With the banks starved for currency, it is rationed by government mandate. Residents must arise in the middle of the night to obtain a number from bank security guards, giving the holders the privilege of standing in line for hours the next day to withdraw a paltry amount of money, perhaps the equivalent of one or two U.S. dollars.

The Zimbabwean economy is in a state of complete meltdown — the natural consequence of 28 years of rule by the tyrannical Robert Mugabe — producing inflation rates not seen since Germany in the 1920s, Greece and Hungary in the 1940s, and Yugoslavia in 1993. The nation’s annual inflation rate has risen from 1,000 percent in 2006, to 12,000 percent in 2007, to an immeasurable figure this year.

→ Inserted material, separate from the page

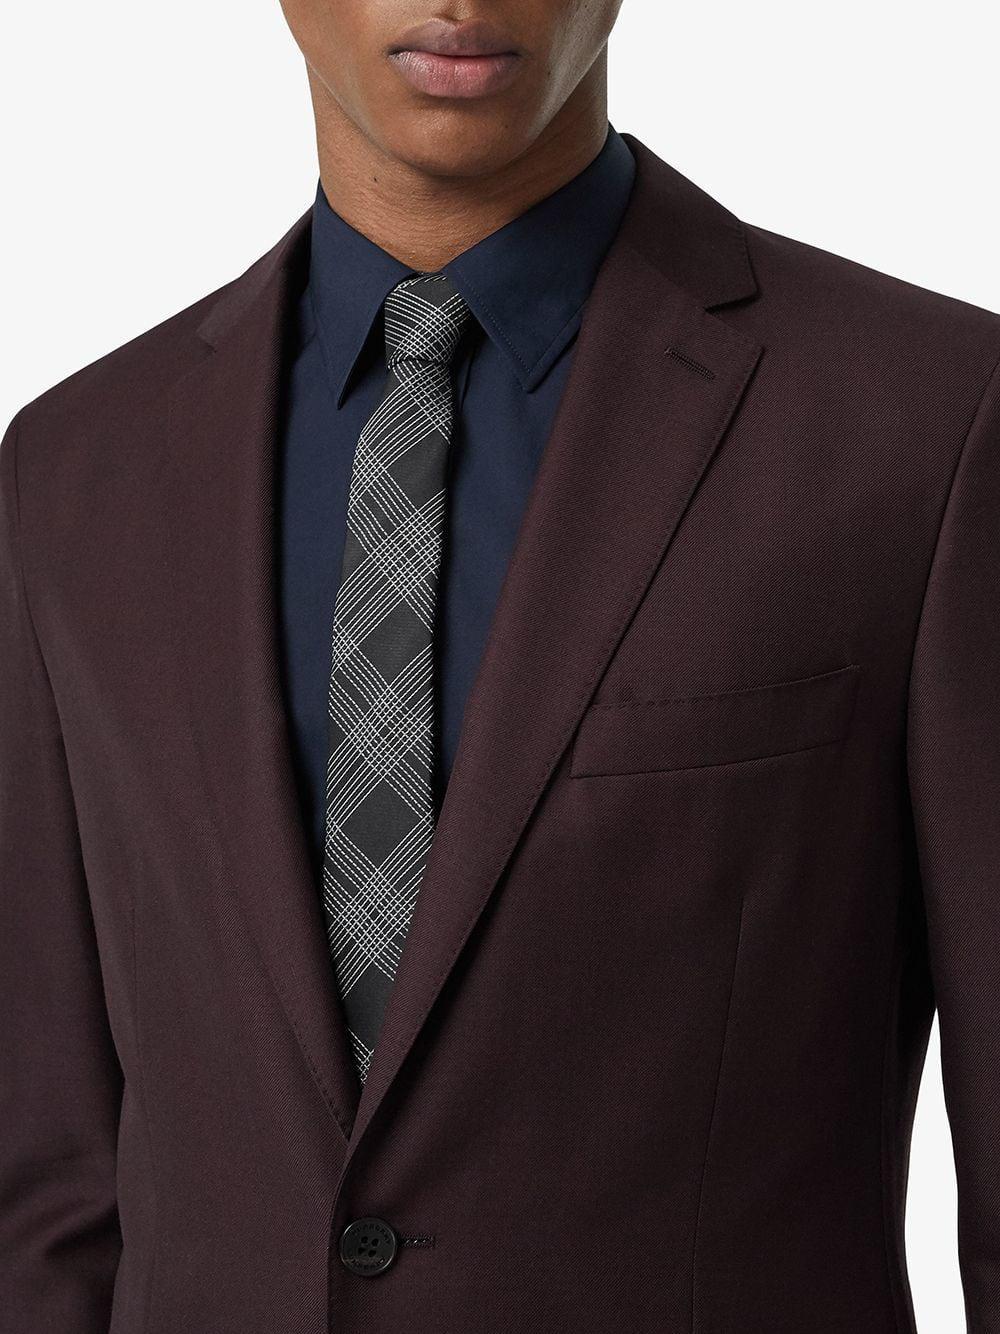 fa124cdccbda Lyst - Burberry Modern Cut Check Silk Jacquard Tie in Black for Men

In August, the government devalued the currency by chopping off 10 zeros. Had they not done so, the conversion rate would now be 10 trillion Zimbabwean dollars to one U.S. dollar.

Those who have studied historic examples of hyperinflation can recite extreme stories, such as factory workers being paid daily in 1920s Germany, so their wives could meet them at the factory gates and bring their cash directly to stores before it lost most of its value. The situation in present-day Zimbabwe exceeds even those dark days. Essential services have begun to stop because the workers at schools, hospitals, and public sanitation facilities  cannot afford to go to work — the cost of bus fare exceeds their daily wages. The few who show up for work must supplement that pay through their  own enterprise, such as teachers selling snacks to their students. In some areas, the barter system has replaced currency.

Stanford Mafumera, a security guard who was interviewed while waiting in line to obtain currency from a Zimbabwean bank, told the Times reporter that his government’s land-reform program was responsible for Zimbabwe’s economic destruction. As the report summarized Mafumera’s explanation: Mugabe’s regime had “chased away the white commercial farmers who had made the country a breadbasket … as well as donors from Britain and other European countries and the United States who sustained Zimbabwe’s starving millions for years.”

“A lot of people got farms, but they can’t produce anything and this is what is causing the poverty and hunger,” said Mafumera. “There’s no food.”

During a news conference in Washington in October 1985, former Rhodesian Prime Minister Ian Smith (the last leader of Rhodesia, the nation that had preceded Zimbabwe) said that he had come as the leader of the Zimbabwe Conservative Alliance Party to ask Western nations to help arrest his country’s slide into a “Marxist-Leninist-Communist” state. “I believe it is right for me to urge the leaders of the free world to use their influence to try and ensure that we don't drift into chaos, into bankruptcy and into a situation where there is no freedom,” Smith told reporters at the time, in words that seem prophetic today.